Zipf, a linguist at Harvard, first noticed the pattern which would bear his name while studying word frequencies in texts. For a time, it was thought that Zipf’s observation was a mathematical representation of  some underlying language process. However, if text is randomly generated by uniformly picking from 26 letters and a space, the resulting corpus also exhibits Zipf’s law, suggesting it is more of a statistical artifact than evidence of a deeper semantic process.

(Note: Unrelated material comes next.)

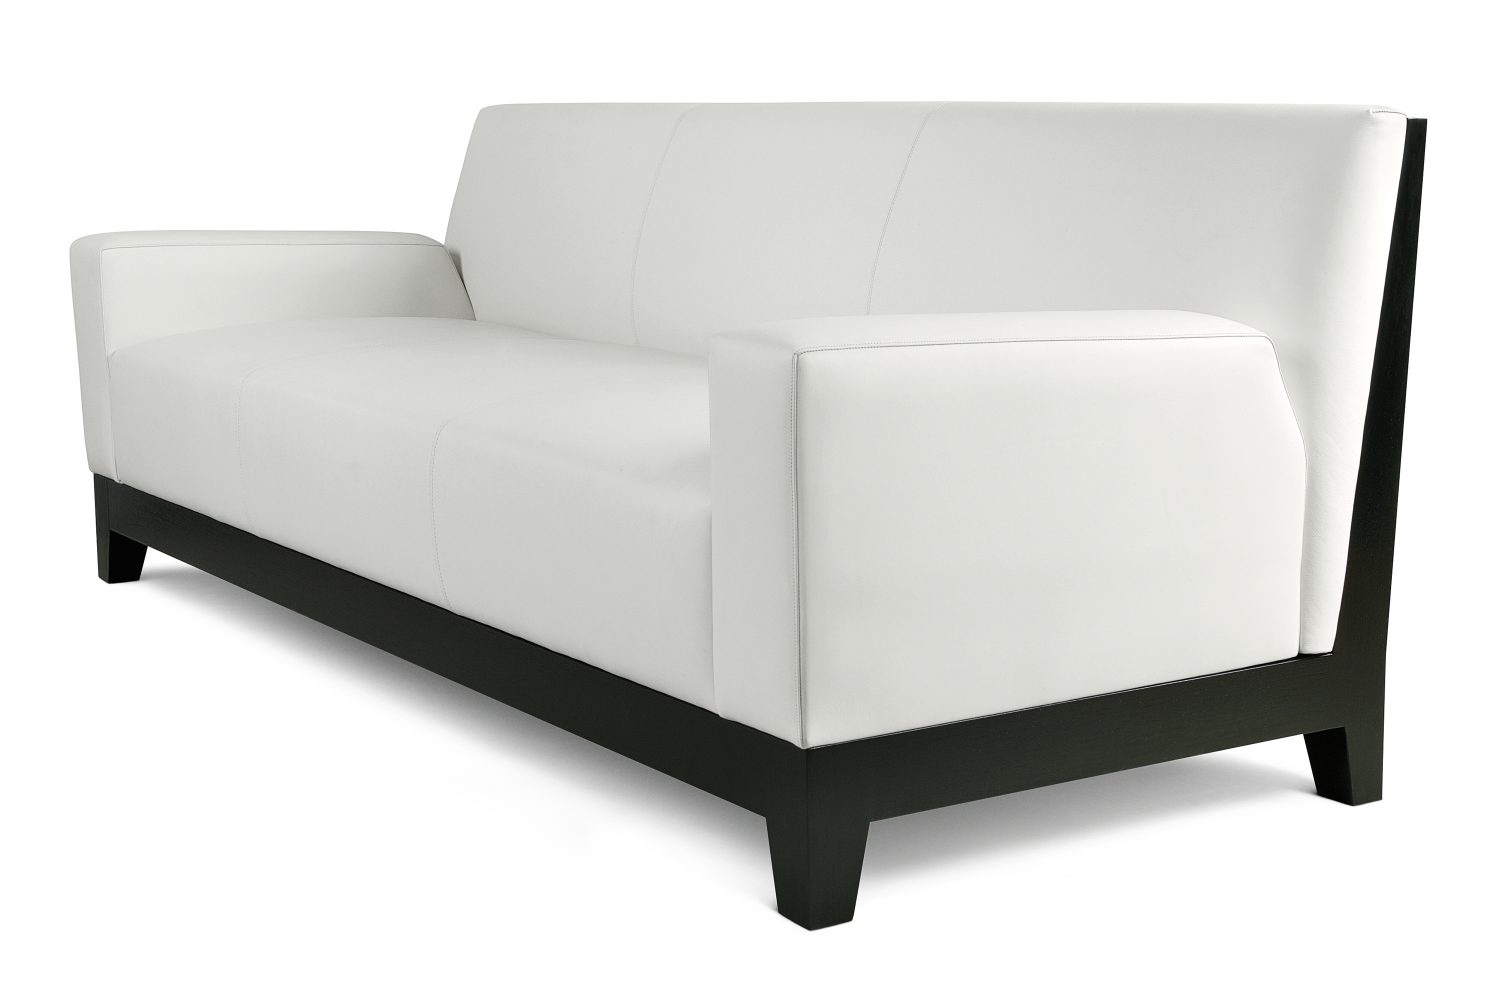 designer sofas australia

In today’s The Wild Side blog of the NYT, guest blogger Steven Strogatz, a professor of applied math at Cornell, discusses Zipf’s law in relation to city populations. Strogatz states that Zipf actually discovered his pattern while looking at urban populations, which surprised me since I was familiar with the word-frequency story – it turns out both are true: he presented the words and then the cities as two examples of the pattern. There is some doubt that the fact that city sizes follow Zipf’s law actually means anything, just as it appears to be a statistical artifact in linguistics. Other statistical distributions provide a good fit, but Zipf’s law is “nice” because of its utter simplicity.

The remainder of the blog is on other urban mathematics, including evidence of economies of scale, before connecting such observations back to biology and cellular processes (the usual focus of the blog – gotta keep the readers satisfied!). Strogatz draws an interesting connection between the mechanism for transporting nutrients through a cell and the transportation infrastructure of a city, both of which exhibit similar economies of scale with exponents close to 0.75. It turns out there is a mathematical justification for why that would be so.

As someone fascinated by urban development, I especially appreciated the essay, especially for the philosophical lens it borrows:

These numerical coincidences seem to be telling us something profound. It appears that Aristotle’s metaphor of a city as a living thing is more than merely poetic. There may be deep laws of collective organization at work here, the same laws for aggregates of people and cells.

The numerology above would seem totally fortuitous if we hadn’t viewed cities and organisms through the lens of mathematics. By abstracting away nearly all the details involved in powering a mouse or a city, math exposes their underlying unity. In that way (and with apologies to Picasso), math is the lie that makes us realize the truth.